FREE WHITEWATER

New Whitewater’s Inevitability

I’ve written before about the transition — one that I believe is certain, as much as anything human can be — from Old Whitewater to New Whitewater. A summary of my thinking:

  • There’s a transition taking place, slowly but ineluctably, from a stodgy, stagnant Whitewater to a more hip & prosperous one.
  • We’ve probably about ten years to go (a period likely to be one of greater change than the last twenty years’ time combined).
  • New Whitewater will be freer, more diverse, and fundamentally multiethnic and multicultural.
  • Although I’m a libertarian, I don’t believe Whitewater’s future politics will be fundamentally libertarian – it’s more likely to be, mostly, a mix of confident progressives and confident opportunity conservatives.
  • There’ll be futile resistance to these changes, and more than a few bumps along this road.  We’ll see more than one disappointment between now and then.  (There will some afterward, too — just not as many).

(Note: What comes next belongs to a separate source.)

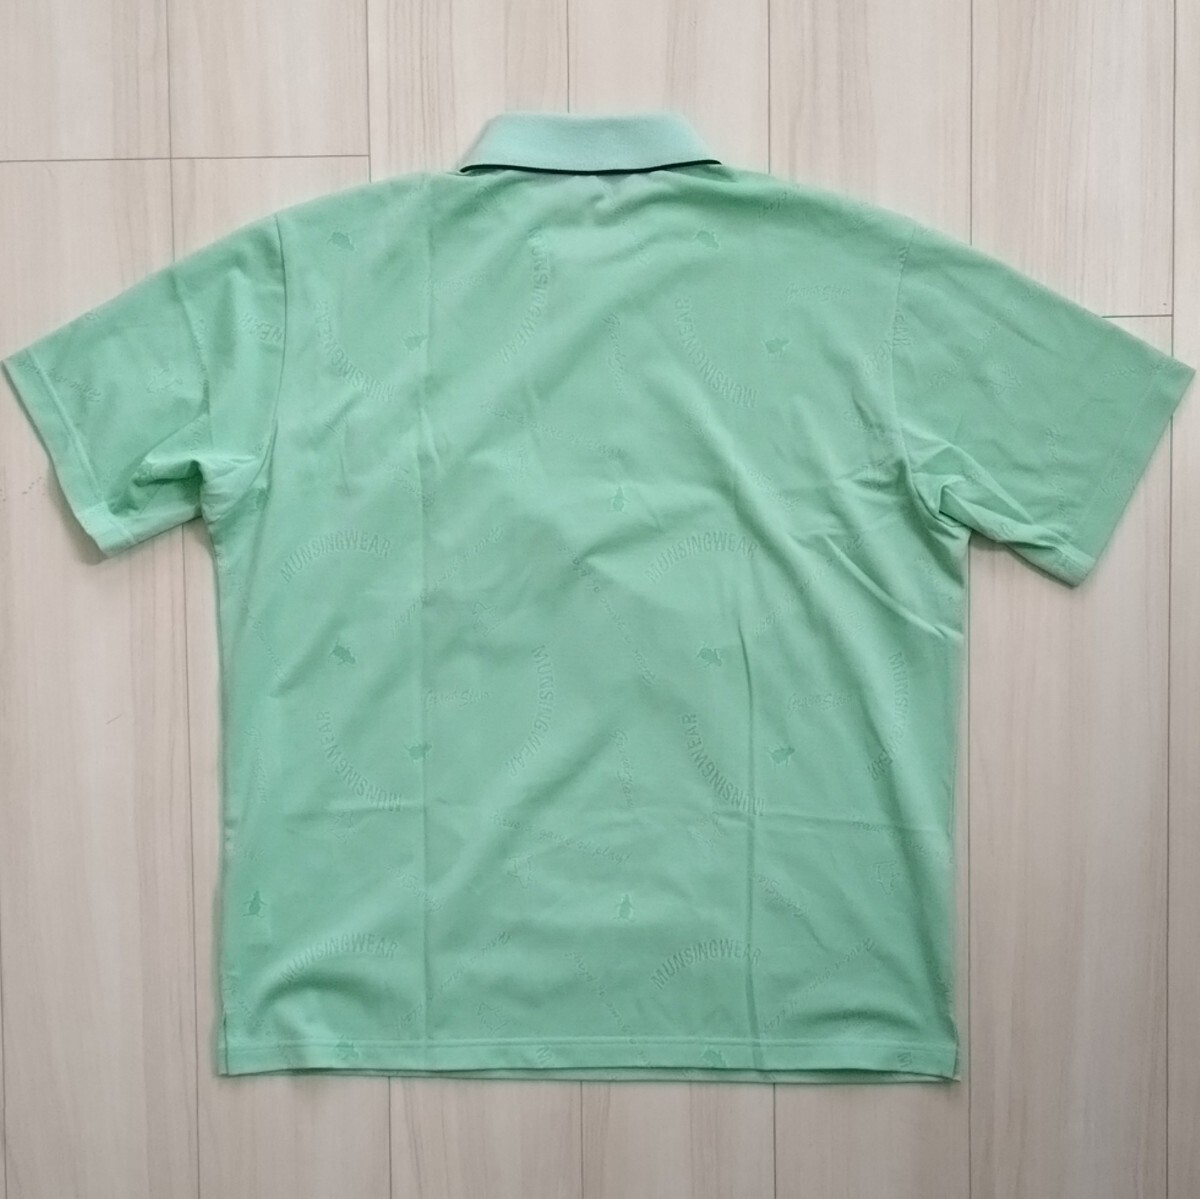  new goods Munsingwear wear polo-shirt LL men's O short sleeves shirt Munsingwear Golf Descente

Still, scores of past and current practices will find their way only to the dustbin.
  • Whitewater’s diversity will emerge from people and in ways not yet heralded – our city will be less centralized.
  • For it all, we’ll be much better off.

This transition will be harder for some than others.  Along the way to a more diverse and open city, one can expect that some will insist nothing’s changing, and that nothing can change.  Some of this insistence will be sincere but mistaken, but at other times dishonest and self-deceiving.   Those who don’t want change will declare that there isn’t any, and then pretend that there isn’t any.

We’re well into the pretending stage, actually.

I’ve been writing for nearly five years, and I’ll happily write for fifty, or perhaps one-hundred fifty, more.  (That would give me 140 years of a hip & prosperous Whitewater — I’ll take that, gladly.)

But I don’t believe — and will never believe — that the present or (certainly) the future revolves around one website, one blog, one city official, one politician, or one group.  Of course not — our city is 14,622, not a few or even a few hundred.

One should not be deceived about what Whitewater’s like even now.  It’s already more diverse — from so many forms of expression, of so many residents — than one website.  It’s much more diverse than that.

The champions of the status quo will herald a single website “receiving on average over 50,000 hits” or being “read throughout the US and world by those with ties to the community,” but that’s only a fraction of what this blog (FREE WHITEWATER) receives on a slow month — FW receives 4.8x as many even on a slower month like this March.

To this website’s readers — thanks so very much.

What does this mean?

Most importantly, this traffic comparison means that when one considers all the other ways to communicate — telephone, mail, email, Facebook, Twitter, Pinterest, Google+, in person, via video, text messages, etc. — the total communication of our 14,622 neighbors dwarfs any website or blog.

That doesn’t bother me — I like it, and hope for more and still moreEach and every thoughtful person in this city will benefit from an expanding marketplace of ideas.

Second, my traffic comparison should give heart to those others who are considering their own publications – one can take one’s own path, write from one’s own convictions, and be larger than an insider’s publication.  A dissenter embracing America’s free traditions can build a bigger audience than any defender of the status quo I am convinced that there will one day be efforts far grander than anything we’ve yet seen, from people of whom we’ve not yet heard, and I welcome that future.

New Whitewater unfolds, around and ahead of us.